The studies on cell biology of isolated peritoneal membrane in humans explore the potential that these cells have to yield immunomediation in response to a proinflammatory reaction. The presence of foreign bodies inside the peritoneal cavity activates macrophages (first defense line) and monocytes, which stimulate mesothelial cells to produce immunomediators [interleukins (IL)]. Initially, macrophages and monocytes are activated, which results in primary immunomediation such as IL-β1, a tumor necrosis factor alpha (TNF-α), as well as prostaglandin 2 (PGE-2) and prostacyclin 2 (PGI-2). These primary immunomediators activate IL-6 and IL-8, which are found in great amounts in dialyzed patients with peritonitis. The IL-8 attracts neutrophils to the inflammatory site, while the IL-6, PGE-2, and PGI-2 act as a limitary of the inflammatory reaction. It is postulated that IL-β1 yielded by monocytes and macrophages may have an important role in physiopathology of peritoneal fibrosis and can therefore increase collagen synthesis to an elevated level of procollagen in fibroblasts. There are evidences that indicate that peritoneal fibroblasts (second on the defense line) may respond to inflammatory stimuli by spreading and increasing the extracellular matrix compounds, with a potential contribution for the development of peritoneal fibrosis in patients undergoing CAPD [9, 22].

Curiously, in most publications related to complications such as migration, perforation, and/or extrusion of the distal catheter through the anus, a strong fibrosis reaction surrounding the distal catheters and structures was verified by the authors at the sites where the perforations had occurred [1, 33, 36, 37]; however, it was not clear how this process occurred or if there was enough time for the fibrosis to develop and why it happens in only some patients.

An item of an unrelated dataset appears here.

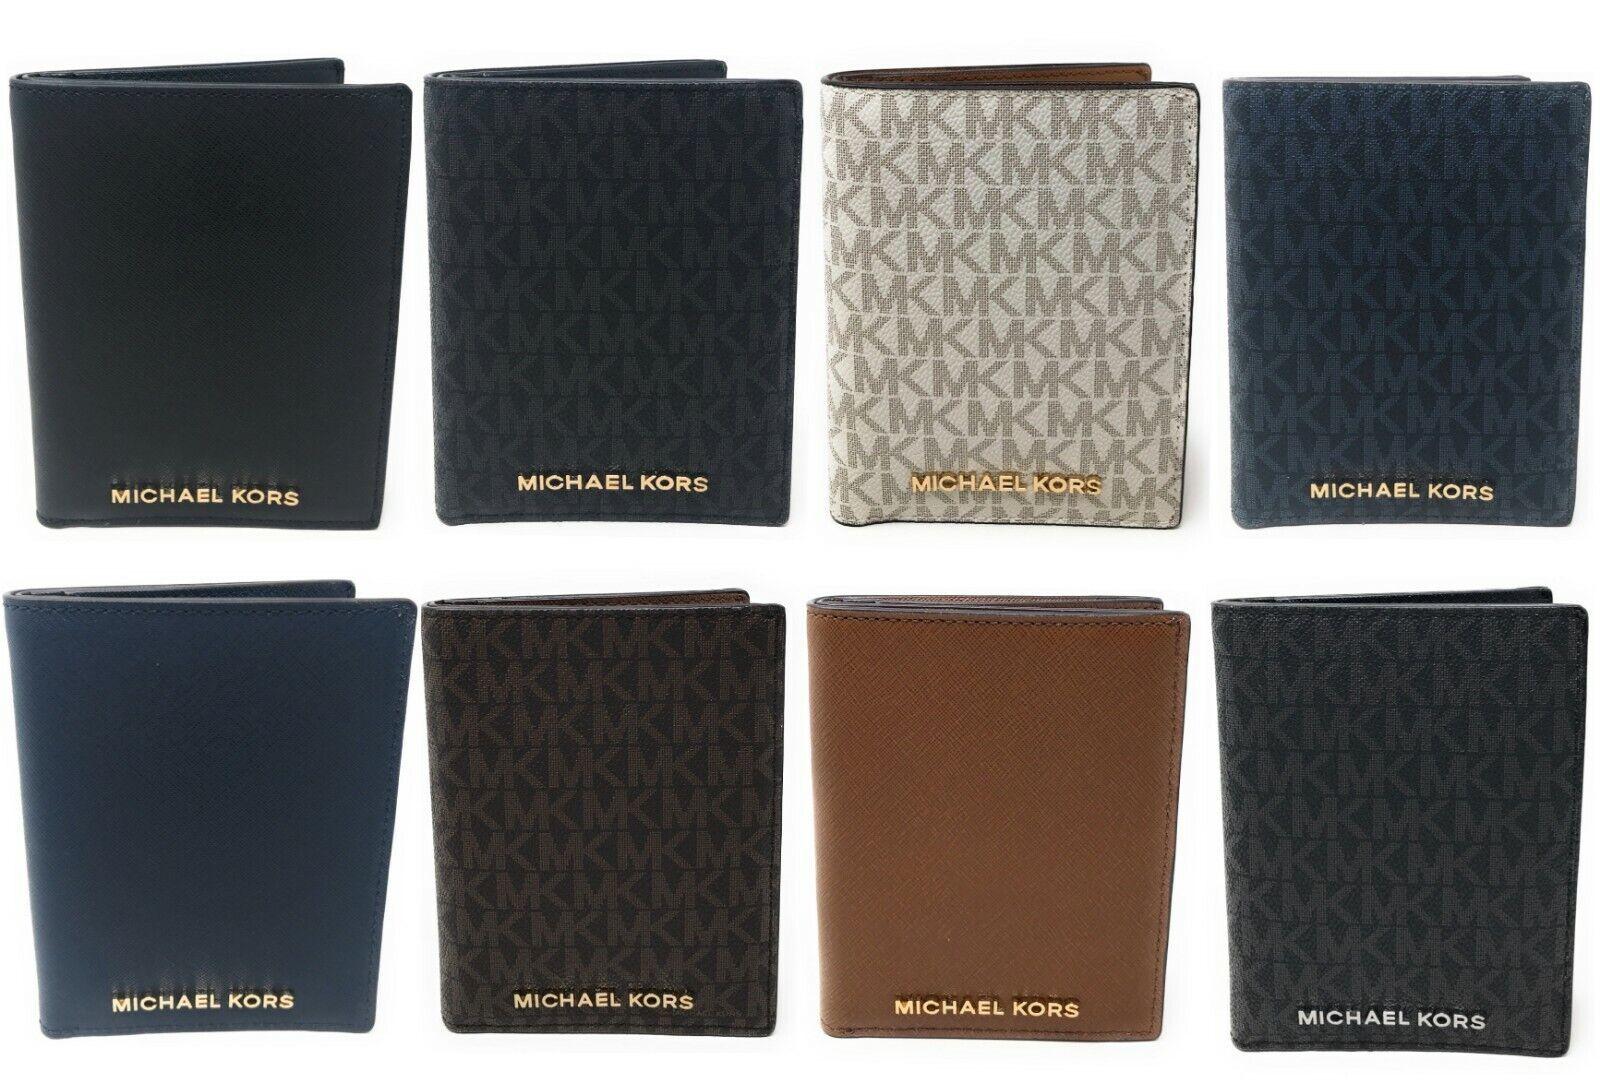 michael-kors-jet-set-travel-passport-case-leather-signature-wallet-credit-card

Bowel peristaltic movements and increased intra-abdominal pressures are referred by the authors as a constant source of mechanical pressure before perforation due to necrosis at the site of the anchoring [1, 33]. It is also mentioned that the weakness of certain peritoneal areas and the umbilical end of the vitellointestinal duct and the processus vaginalis into the scrotum might have remained patent, which could act as a facilitating mechanism for perforation [6, 25, 32].

Conclusion

Based on the existing data, we concluded that the PDM may be as an important parameter for a more detailed study about CSF absorption in the peritoneal cavity, and there may be an important interaction between the silicon tubes of a VP shunt system, the CSF contents (especially the glucose and the proteins), and the reactivity of the peritoneal membrane for the production of well-known immunomediators involved in the inflammatory reaction associated to foreign body response in the peritoneum.

The inflammatory reactions can damage the ultrastructure of the peritoneal membrane and impair CSF absorption (ascitis for example), the anchoring mechanisms of the fibrosis on the tip of the distal catheter (peritoneal pseudocyst for example), at the viscerae (the bowel for example) and in weak parts of the peritoneum (the vagina for example), or in sites where ducts are still patent (processus vaginalis into the scrotum and vitellointestinal duct), aided by intra-abdominal pressure and peristalsis movement. All these factors together may act as a “common factor” and are responsible for the “nonfunctional abdominal complication related to the distal catheter” and a possible chronic inflammatory nature in different stages.